GenScript Biotech Corporation
- Type: Public
- Traded as: SEHK: 1548
- Industry: Life sciences; Biopharmaceutical; Biotechnology; Industrial enzymes;
- Founded: 2002; 24 years ago in New Jersey, United States
- Founders: Frank Zhang; Sally Wang; Larry Wang;
- Headquarters: Nanjing
- Key people: Sherry Shao, (rotating CEO)
- Revenue: $959.5 million (2025)
- Number of employees: 6,165 (2025)
- Subsidiaries: GenScript Life Science Group; ProBio; Bestzyme;
- Website: www.genscript.com

= GenScript Biotech =

Biotechnology group

GenScript Biotech, fully known as GenScript Biotech Corporation, usually referred to as simply GenScript, is a Chinese biotech company. It was co-founded in 2002 in New Jersey by Fangliang Zhang, Ye Wang, and Luquan Wang. Headquartered in Nanjing, the company provides equipment and services for the life sciences. It was listed on the Hong Kong Stock Exchange in 2015. The current rotating CEO of the firm is Sherry Shao, who previously served as the chief operating officer and Chinese Communist Party Committee Secretary for the company. The company's subsidiaries include GenScript Life Science Group, ProBio Technology, and Bestzyme.

== History ==
GenScript Biotech Corporation was founded in 2002 in New Jersey by Fangliang "Frank" Zhang, Ye "Sally" Wang, and Luquan "Larry" Wang. In 2004, it set up a research and production base in Nanjing, China, where it is now headquartered. It operates in the United States, China, and Singapore.

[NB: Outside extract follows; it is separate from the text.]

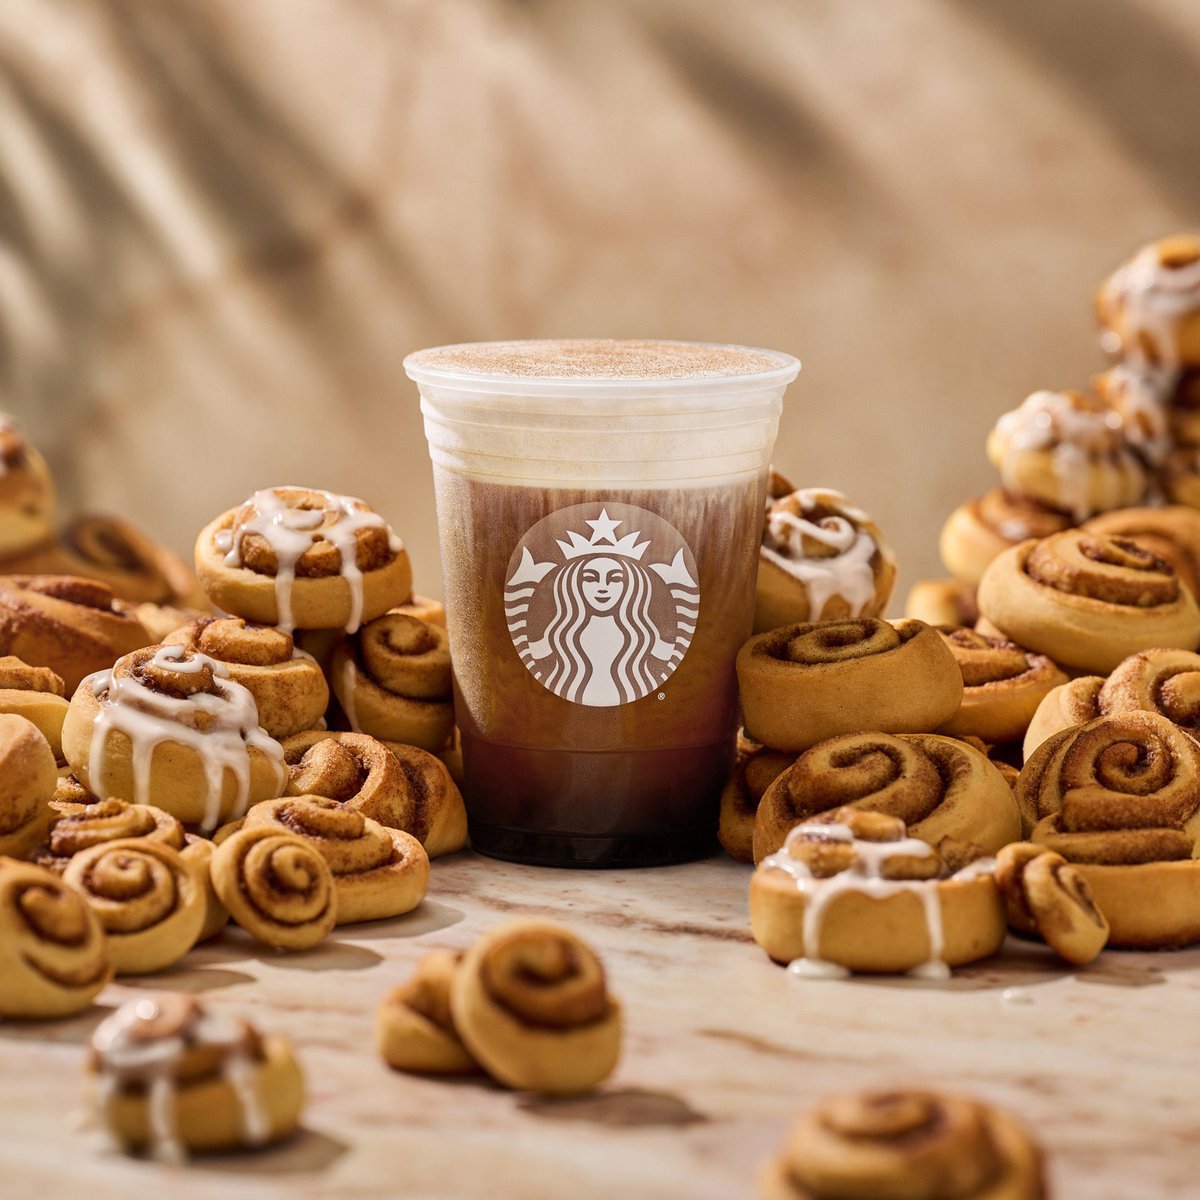 Say hello to the new Cinnamon Caramel Cream Cold Brew. Ooey gooey cinnamon roll bliss in every sip.  #cinnamoncaramelcreamcoldbrew #bncafe #coldbrew #barnesandnoble

In 2013, it established its subsidiary Bestzyme. In the following year, another subsidiary, Legend Biotech, was founded. In 2015, GenScript went public on the Hong Kong Stock Exchange.

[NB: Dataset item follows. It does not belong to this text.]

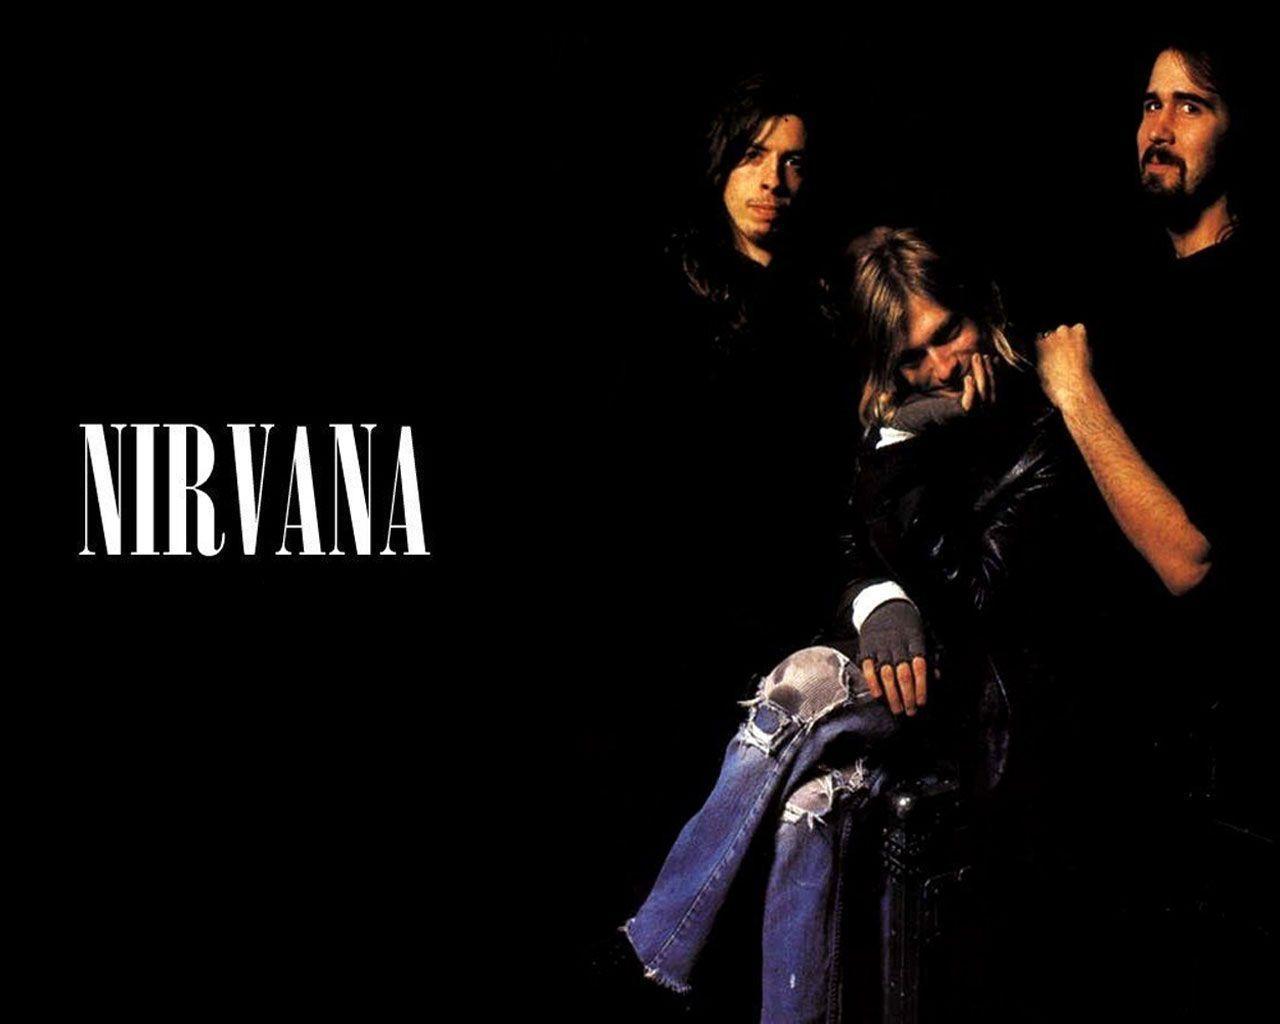 Wallpapers For > Nirvana Smiley Wallpapers

In 2017, the Chinese government accepted Nanjing Legend's application for running clinical trials for its blood cancer treatment.

In 2020, its subsidiary Probio was launched and Legend Biotech was listed on the NASDAQ. In the same year, Genscript collaborated with Duke-NUS Medical School to develop and manufacture a serology test called cPass for the detection of COVID-19. On November 6, the cPass test received emergency use authorization from the US FDA.

In 2022, Carvykti, a CAR-T cell therapy developed by Janssen Biotech and Legend Biotech, was approved by the US FDA for the treatment of multiple myeloma in adult patients.

== Security concerns ==
In May 2024, the United States House Select Committee on Strategic Competition between the United States and the Chinese Communist Party asked the Federal Bureau of Investigation (FBI) and Director of National Intelligence for a briefing on whether the Chinese government has any undue influence over GenScript and three of its subsidiaries (Bestzyme, Legend Biotech, and ProBio).